Он был еще очень молод и игрив. То он притворялся, что хочет укусить меня, то хватал зубами край моей рубашки, а то щекотал мое ухо своим. Силы быстро возвращались к нему.
В один чудесный день доктор Эванс сказал, что ослик больше не нуждается в подпруге, и я сам снял ее. О друзья мои! Если б вы видели, как осторожно ослик делал первые шаги и с какой гордой мордочкой, обретя уверенность, он принялся ходить вокруг конюшни! Как радостно было на него смотреть! Внезапно он опустился на землю, и я очень испугался. Я поспешил было ему на помощь, но доктор Эванс остановил меня:
«Ничего, Башир, не бойся, — сказал он. — Ослик прекрасно знает, что делает. Он не упал и не поскользнулся. Он просто лег на землю, по своей охоте, потому, что он наконец может делать это без опаски. Смотри!»
И действительно, ослик двигал копытами, брыкался, издавал радостные крики. Ему было очень весело.
С этого времени мы с осликом крепко сдружились. Прежде я думал только о том, как бы вернуть его к жизни, и был для него лишь заботливой нянькой. Это, безусловно, сблизило нас. Но мы друг друга не знали. Теперь у нас появилась одна общая забота — вместе проводить время. Я никогда не оставлял его. Я спал в конюшне на одной с ним соломенной подстилке — и ночами он меня согревал. По утрам я ухаживал за ним: чистил, кормил, прогуливал по двору. Мы любили с ним бегать наперегонки, и в награду за послушание я давал ему молодую морковку. Я покупал ее на деньги, что приносили мне Омар и Айша. Им очень нравились ловкие проделки, которым я обучал смышленого ослика. Потом я вновь ухаживал за ним, и мы оба отдыхали. А после опять резвились во дворе. И наступал вечер. Я чистил его в последний раз, готовил свежую подстилку. Мы укладывались бок о бок и засыпали.
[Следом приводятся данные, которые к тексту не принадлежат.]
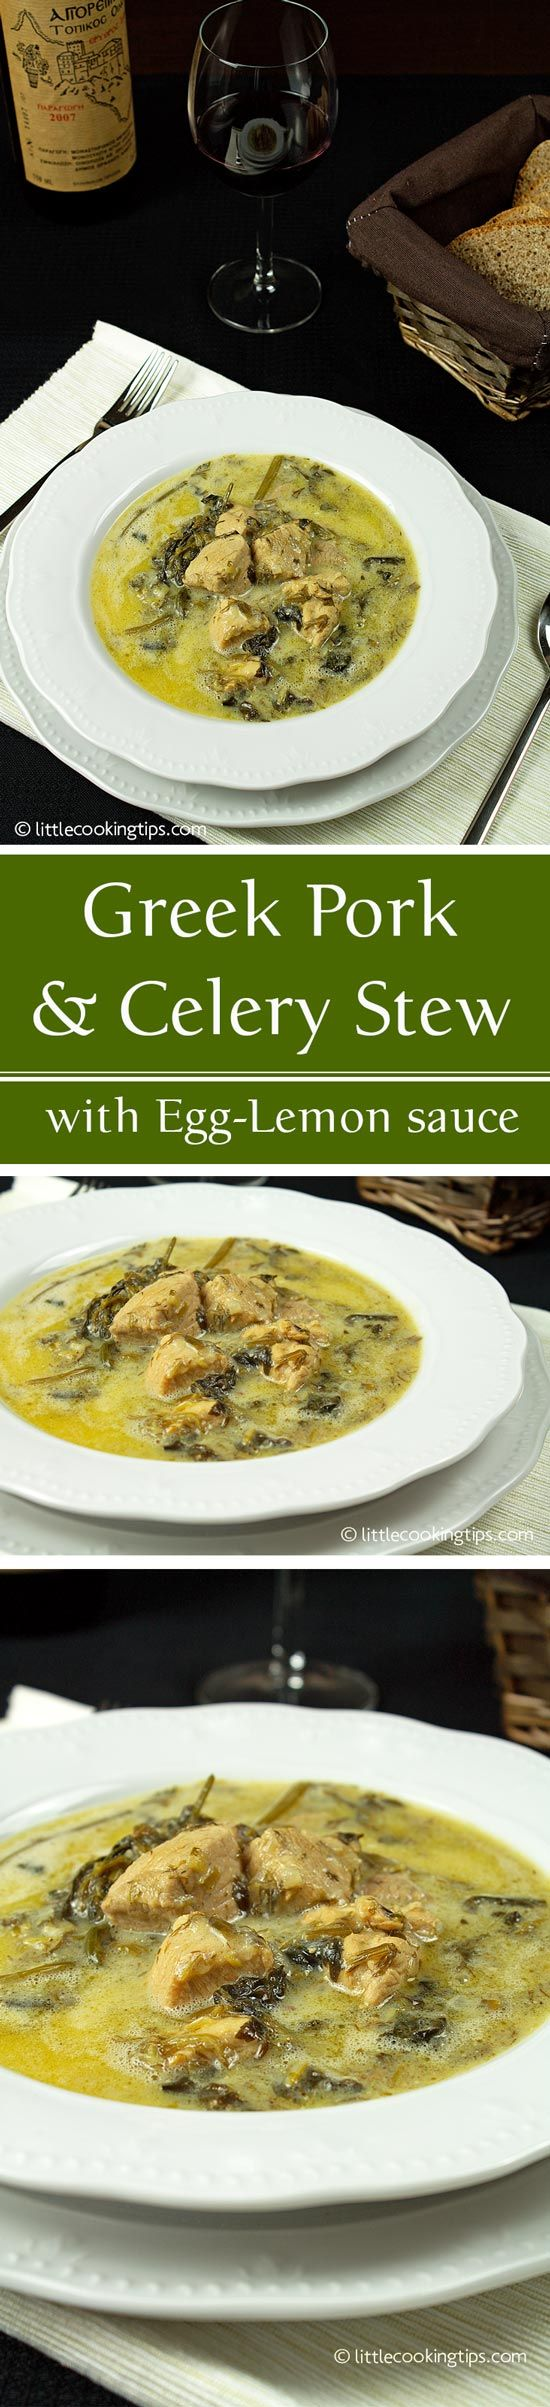 Greek Pork and Celery Stew (Hirino me Selino)

Так проходил день за днем. Просыпаясь утром, я всякий раз находил ослика еще более окрепшим, жизнерадостным и ласковым. Он заново учился радоваться жизни. По утрам я осматривал его шкуру и видел, что она постепенно преображается. Словно волшебная материя, она из прежней — рваной и обожженной — превращалась в новенькую и шелковистую. Раньше всего зажили бока и задние ноги, потом колени, бабки. Чуть позже зажила шкура на голове. Только вот на хребте шкура долгое время гноилась. Когда же наконец и она начала подсыхать, доктор Эванс велел мне отвести ослика на поводке за город — на луг, принадлежащий лечебнице. «Самое время ему вспомнить вкус травы и вновь ощутить прелесть свежего воздуха», — сказал доктор.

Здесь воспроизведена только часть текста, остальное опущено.